Each of the following factors were identified as integral for projects that aim to build the capacity of Indigenous communities to support vulnerable and at-risk families.
Community development approaches to capacity building
The notion that strengthened system capacity facilitates an increased capacity of Indigenous families to protect their children is reflected across the evaluations. Community development approaches are recognised as an effective way to build both family and system capacity in Indigenous communities (Dawe et al., 2006; Gordon et al., 2002; MCEETYA, 2001; Scougall, 2008d; Taylor et al., 2004).
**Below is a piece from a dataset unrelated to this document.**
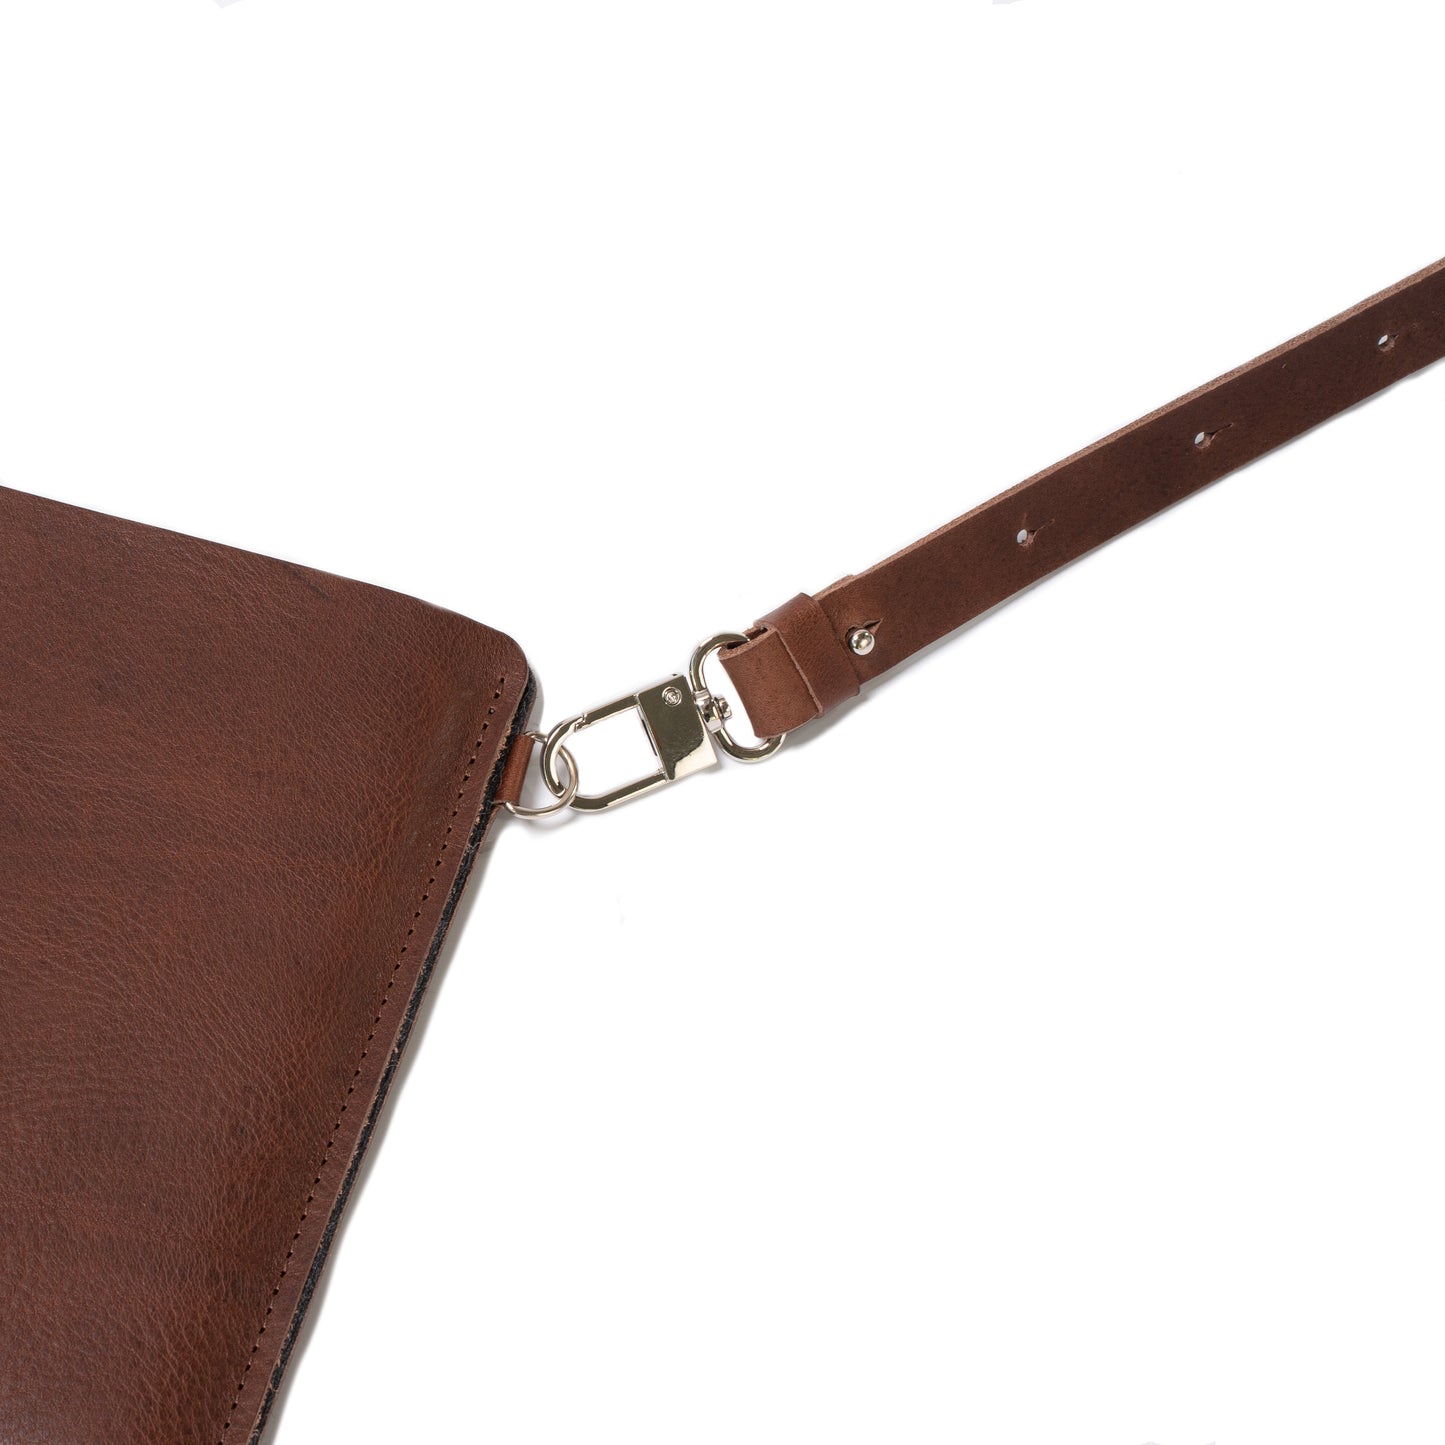 Leather Bag for iPad - The Minimalist 4.0-5
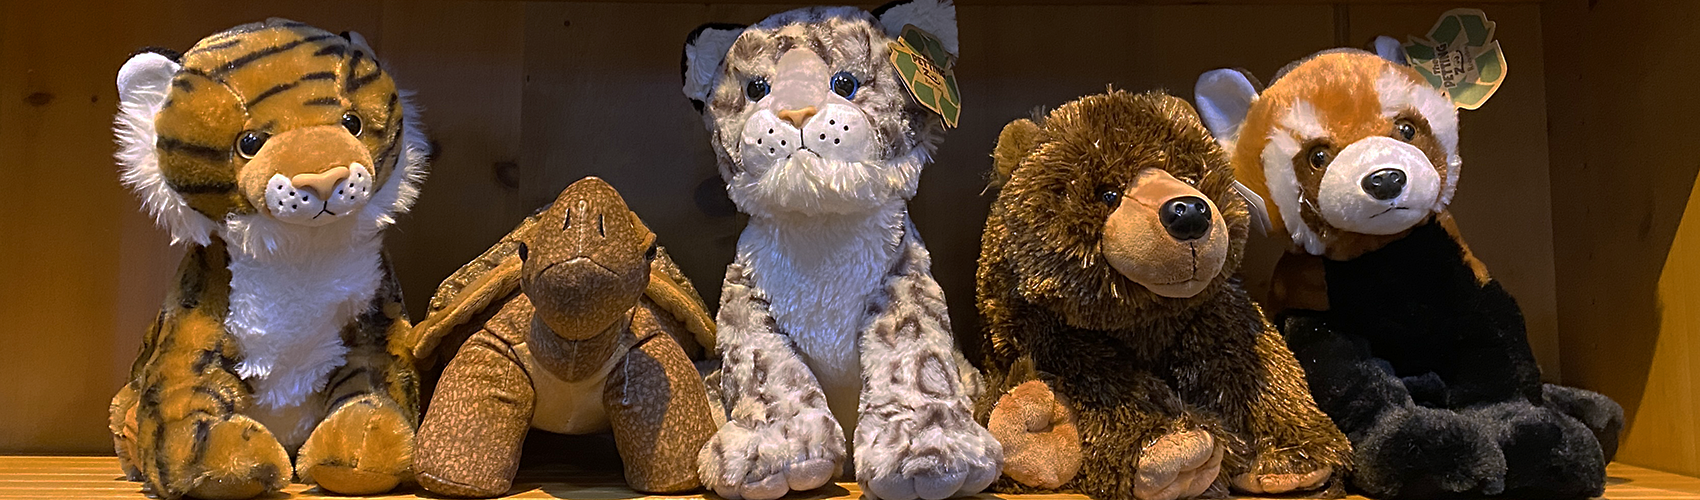 Stuffed animals - tiger, tortoise, snow leopard, bear, red panda

Scougall (2008d) found that Indigenous capacity building activities were more effective when they were undertaken in connection with a specific social purpose in association with a particular project activity. At a practical level, this means linking community development initiatives, such as celebratory cultural events (which may include NAIDOC week and school fundraisers), with program activities at the family level, such as camping excursions (Dawe et al., 2006; Taylor et al., 2004).
Engaging families
Engaging families in services is the first step to supporting families in protecting vulnerable children, which assists in avoiding entrenchment in the child protection system (DFC, 2011). Engagement strategies are more effective when services are accessible, enjoyable and tailored to Indigenous needs (Flaxman et al., 2009; Scougall, 2008d). This can serve to facilitate greater trust and confidence for Indigenous participants towards program providers and can lead to greater family capacity to deal with issues (Gordon et al., 2002; Sivak et al., 2008). However, for Indigenous families with extensive child protection histories and complex issues, engagement is more difficult and services require more time and labour to deliver the support required (DFC, 2011; Sheather, 2009).
Indigenous involvement
An effective way to link Indigenous community development initiatives with family based service delivery is through partnerships and consultation with members of Indigenous communities (Flaxman et al., 2009; Dawe et al., 2006). MCEETYA (2001) recommended that Indigenous communities be enlisted as responsible partners in policy development and have the opportunity to contribute to decisions in the design, delivery and evaluation of services. This can lead to:
- a greater sense of ownership of programs among Indigenous families;
- communities having a greater understanding of project aims and supporting the project; and
- services responding to the specific needs of program participants (Sheather, 2009; Taylor et al., 2004).
When communities pose solutions to issues they must be able to access real support to implement those solutions (Taylor et al., 2004). One way to achieve this is to incorporate consultative mechanisms in program structures (Gordon et al., 2002). For example, the Families First initiative in Illawarra was designed to incorporate Indigenous involvement in planning, managing and implementing the program. This was reported as crucial to the program's success (Thomson et al., 2004).
Participatory action research is another method that can facilitate the capacity of participants to be active in the planning, delivery and implementation of programs - as part of a continual loop of program development.7 Box 2 shows how a local CfC program incorporated child-inclusive action research as a way to adapt the program to suit the needs of Indigenous children and their families (Sheather, 2009).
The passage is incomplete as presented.